Fermilab/HTCondor Minutes May 08, 2015

Krista, Zack, Tony, Steve, Parag, Marco

Agenda and Notes:

condor_off -peaceful to a remote machine does not shut down the daemons and python bindings has bug that prevents a peaceful shutdown.

  • Bug report has been filed: htcondor-admin 27971
  • No changes from last meeting

When using glexec, HTCondor tars up results as the job user, then pipes the tar'd content to the condor user and untars it as the HTCondor user. This effectively doubles the disk space used by the job.

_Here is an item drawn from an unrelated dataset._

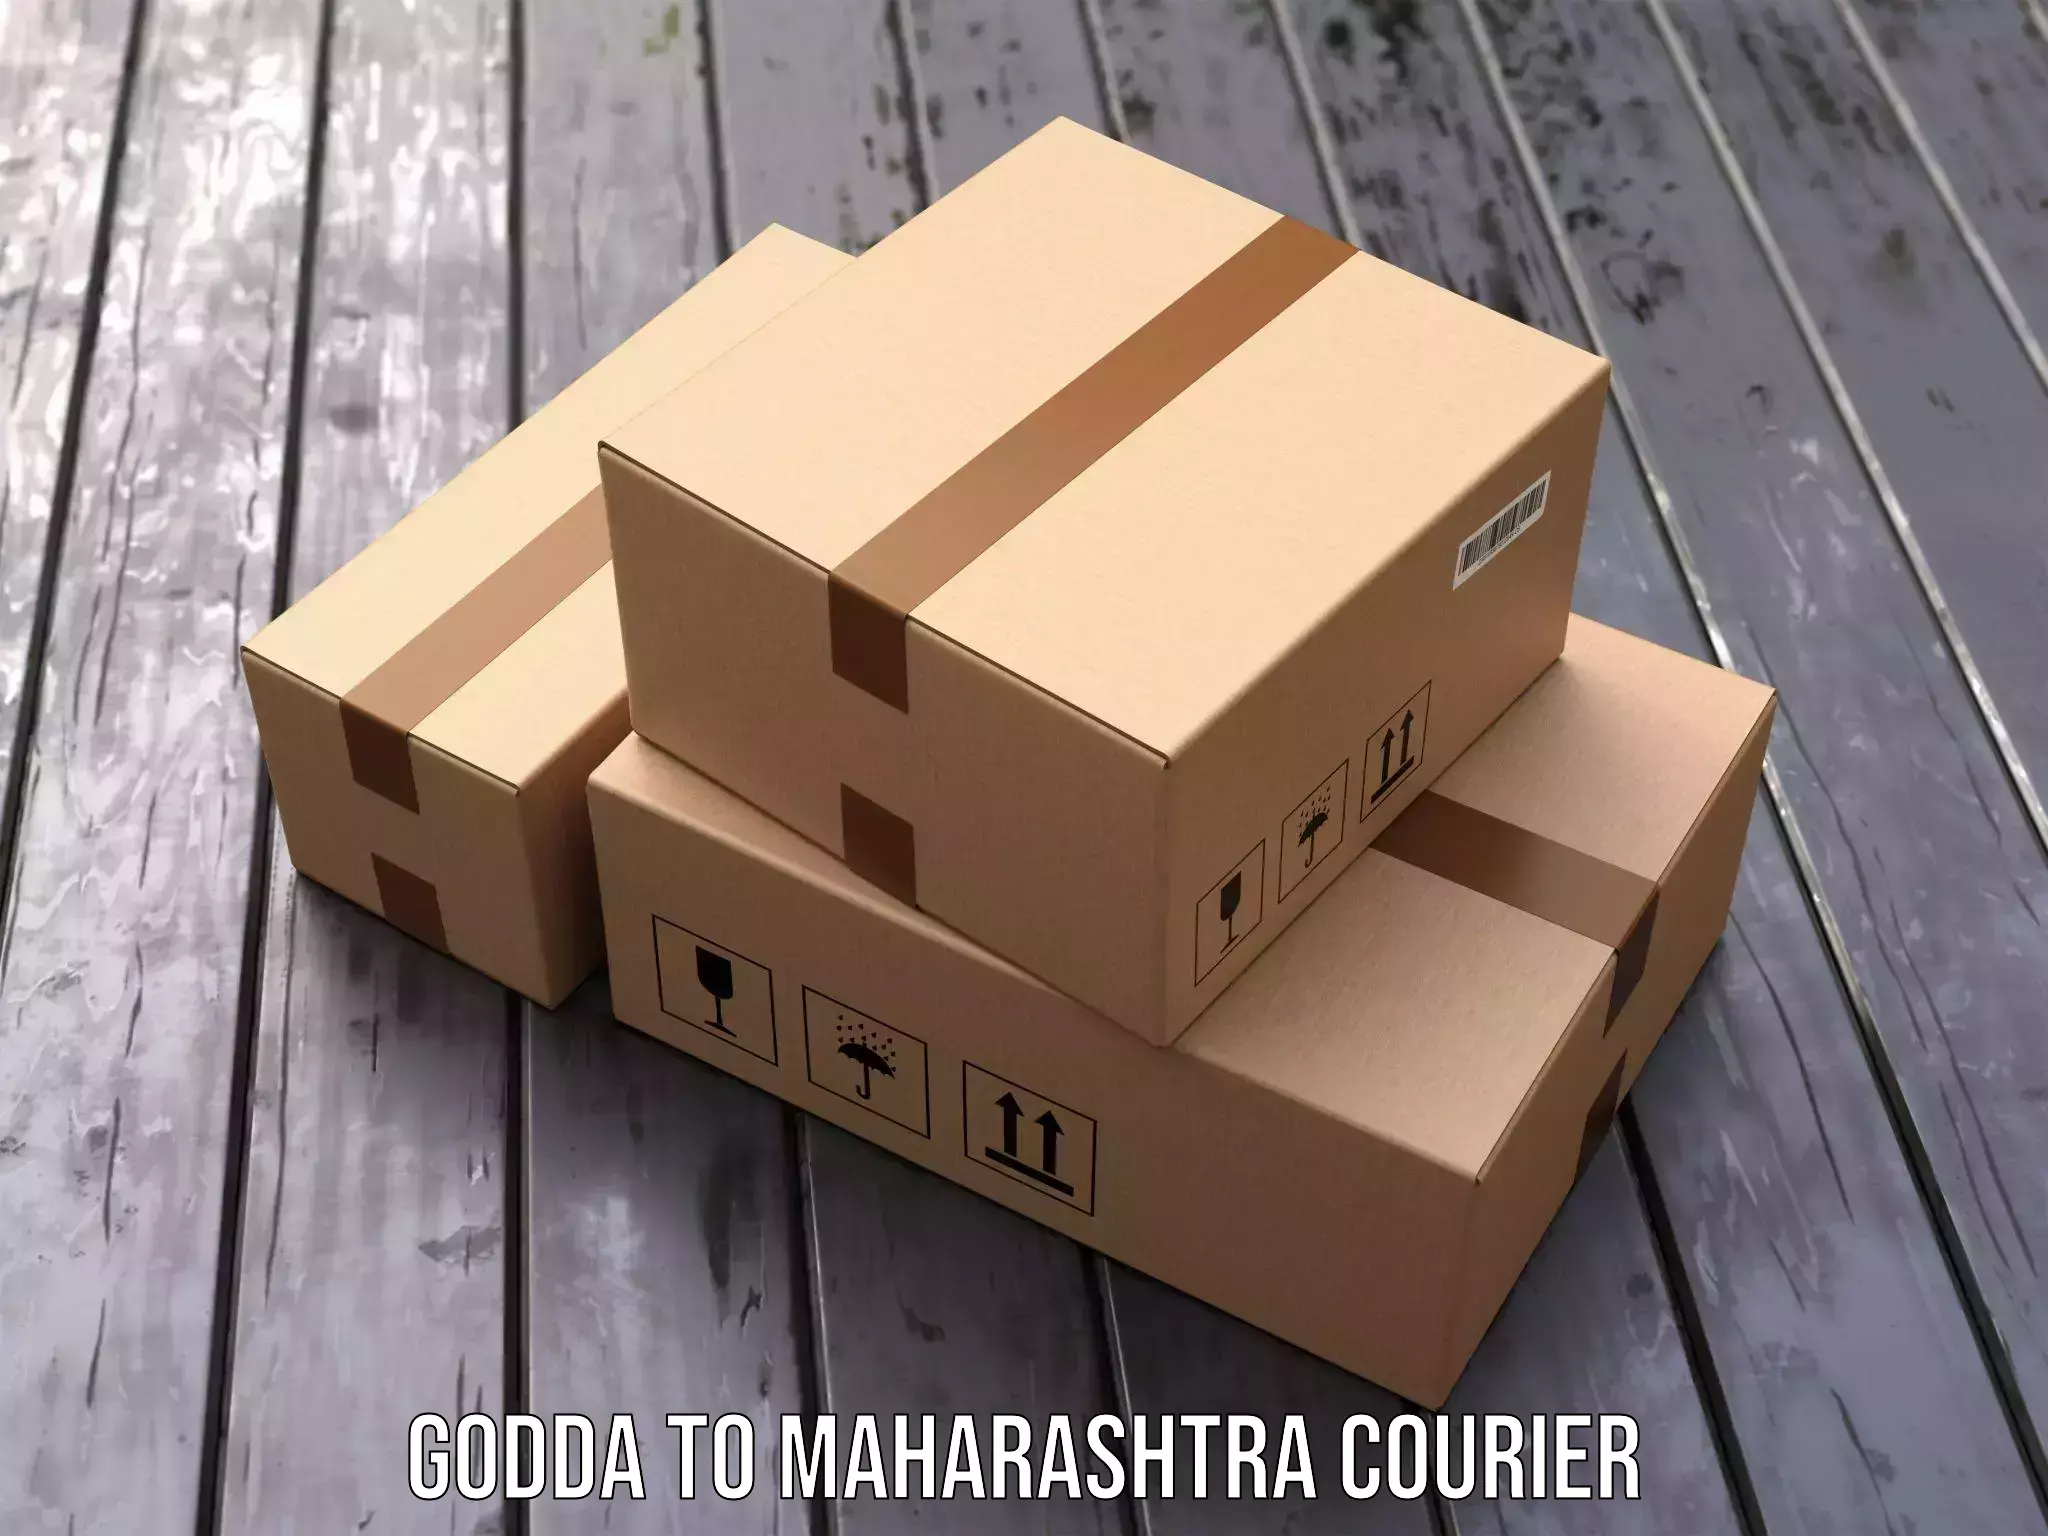 Automated parcel services Godda to Maharashtra

  • There should be a solution shortly for this problem

In a recent change to the GWMS the CCBs can be set explicitly and be multiple (for redundancy and load balance). If the user specifies too many the system seems not to work (even if I did not find the exact error, communications are broken). Is there a limit to the number of CCBs specified in CCB_ADDRESS? What breaks? Where can I see it?

  • Should be no limit
  • breaks between 10 and 20 - 10 works, 20 fails
  • turn up debugging and send error report to HTCondor team

Running on Gordon (SDSC) the STARTER started failing to write files with errno 28: could be some file system error like "no space” or “no inodes” or too many files in directory but checks for all of these seem negative when I looked. The error went away and things restarted. Any suggestion of what could have caused the error and how to dig further if it happens again? The file system where the error was seen is Luster.

  • from Zach: sometimes it maybe on the Starter, sometimes may be on the Shadow maybe there was a user quota possibly a lustre error
  • Sent error message to list - definitely happening on the Starter side
  • not much extra info available since it is a kernel message and HTCondor passes back all the info it has

Status of nova gahp

  • No change, communication black hole

Status of GCE gahp

  • Thought there was a gahp with the old API that broke when Google changed APIs
  • Will have to check on the status

Weird warning message when upgrading to HTCondor 8.3.5

  • Turns out to be harmless and safe to ignore. It is related to IPv6 code. The FNAL nodes do not have IPv6 enabled, which is the cause for the warning. Will be fixed in 8.3.6.